Une des deux femmes sans visage, celle qui était assise, porta le breuvage fumant à ses lèvres. Non, Mama, ne buvez pas ! s’écria une voix. La sienne. Elle venait de l’intérieur et de l’extérieur et résonnait dans toute la pièce. L’écho d’une plainte assourdissante mais inaudible. Vous ne devez pas boire, Mama !

Sa mère ne pouvait pas entendre ses avertissements. Nieve essaya alors d’avancer pour lui arracher la tasse des mains, mais son corps ne lui obéissait pas. Elle était prisonnière de cette vision. Spectatrice impuissante, incapable d’empêcher la tragédie qui était en train de se dérouler sous ses yeux. Elle se sentit soudain tomber au ralenti. Sa chute lui parut interminable. Elle leva les yeux et vit sa mère porter ses deux mains à la gorge. Il y eut un choc violent, suivi d’un fracas. La tasse percuta le sol et vola en éclat. Nieve fut alors violemment arrachée au décor. Un cri strident retentit autour d’elle, puis tout devint noir.

***

  • Elle n’est pas prête, annonça la vieille banshee. J’ai cependant brisé le verrou posé sur son âme. La magie est puissante. Il lui faudra de la volonté pour lever complètement le sceau. Si elle échoue, elle mourra. 
  • Je m’en doutais un peu, mais cela devrait suffire pour le moment, répondit le vampire en sortant de l’ombre. Qu’en est-il de son état actuel ? Je serais bien embêté si elle devait retomber dans le coma comme il y a dix ans.
  • Elle a simplement perdu connaissance, elle devrait recouvrer ses esprits d’ici quelques heures. Mais elle ne se souviendra probablement pas de ce qu’il s’est passé.

Sir Nevra se dirigea vers la jeune banshee. Pendant un bref instant, ses cheveux et ses yeux étaient devenus complètement blancs, puis elle s’était effondrée sur la table. Il passa un bras autour de ses épaules et sous ses jambes, puis la souleva comme si elle n’avait pas pesé plus lourd qu’une plume.

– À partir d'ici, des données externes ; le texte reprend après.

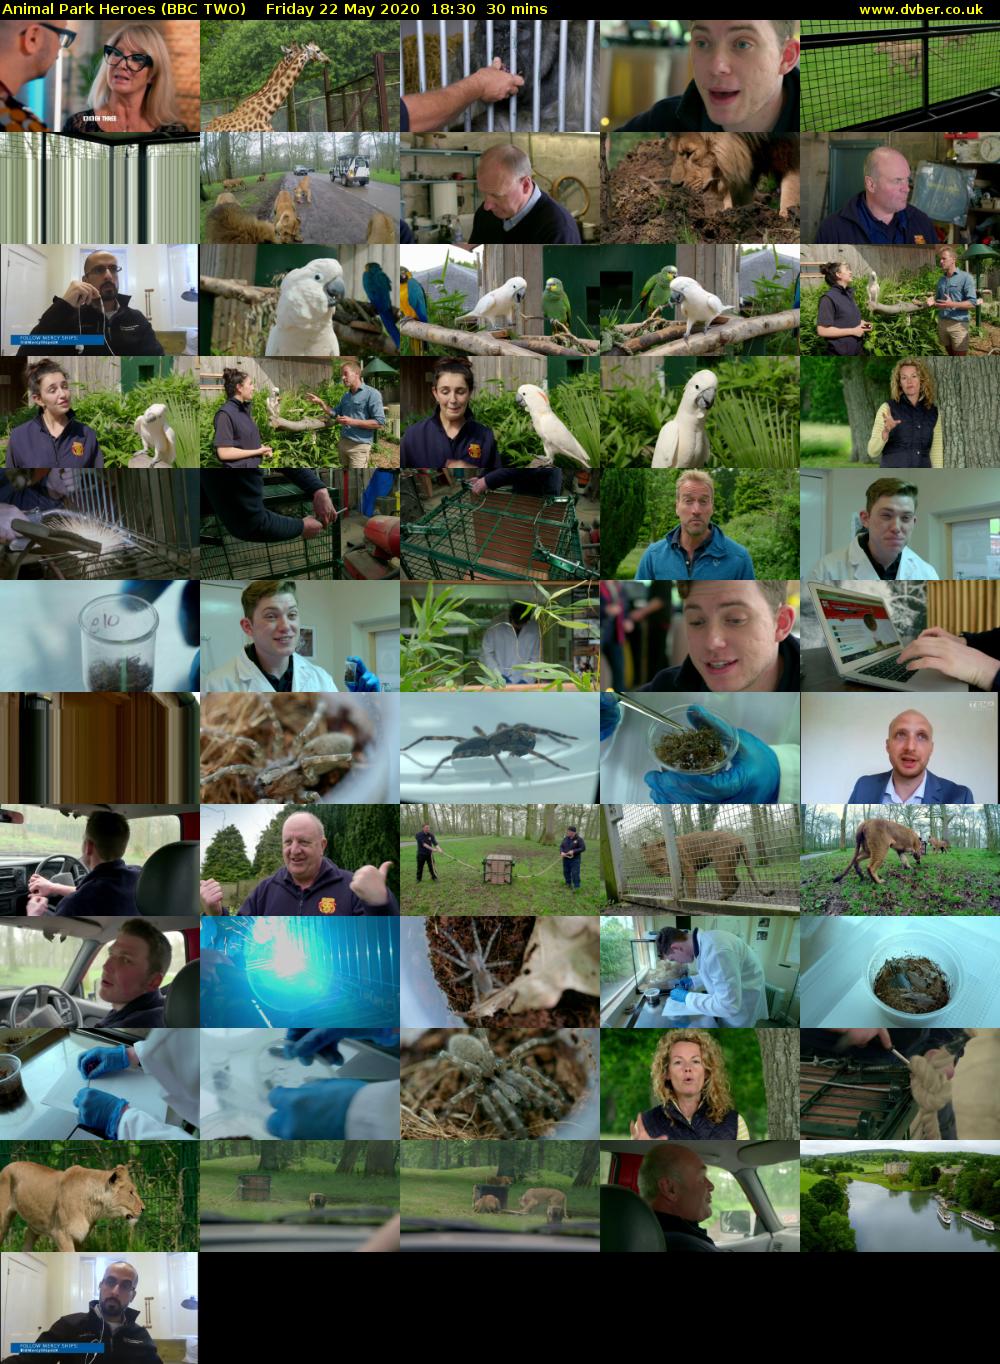 Animal Park Heroes (BBC TWO) Friday 22 May 2020 18:30 - 19:00

  • Wolfsbane me tuerait s’il apprenait ce qui lui est arrivé, soupira-t-il en regardant la figure évanouie de Nieve.
  • N’est-ce pas l’homme qui vous a demandé de me retrouver pour que je libère les souvenirs de la princesse ?
  • Si, mais il a un attachement particulier à cette jeune femme. Il souhaite la ménager le plus possible et éviter de forcer les choses.
  • Je vois. Pourtant, la force sera peut-être la seule solution pour lever le voile qui obstrue son passé. J’aurais voulu pouvoir vous aider davantage, mais j’ai quitté le clan il y a longtemps déjà, et je ne compte pas y retourner. Quel que soit l’état de la Cour Unseelie, son avenir repose sur l’héritière.
  • Vous en avez fait suffisamment. Je vous remercie.

Il salua respectueusement la banshee qui lui répondit par un bref signe de la tête puis il quitta la pièce, Nieve toujours inconsciente dans les bras.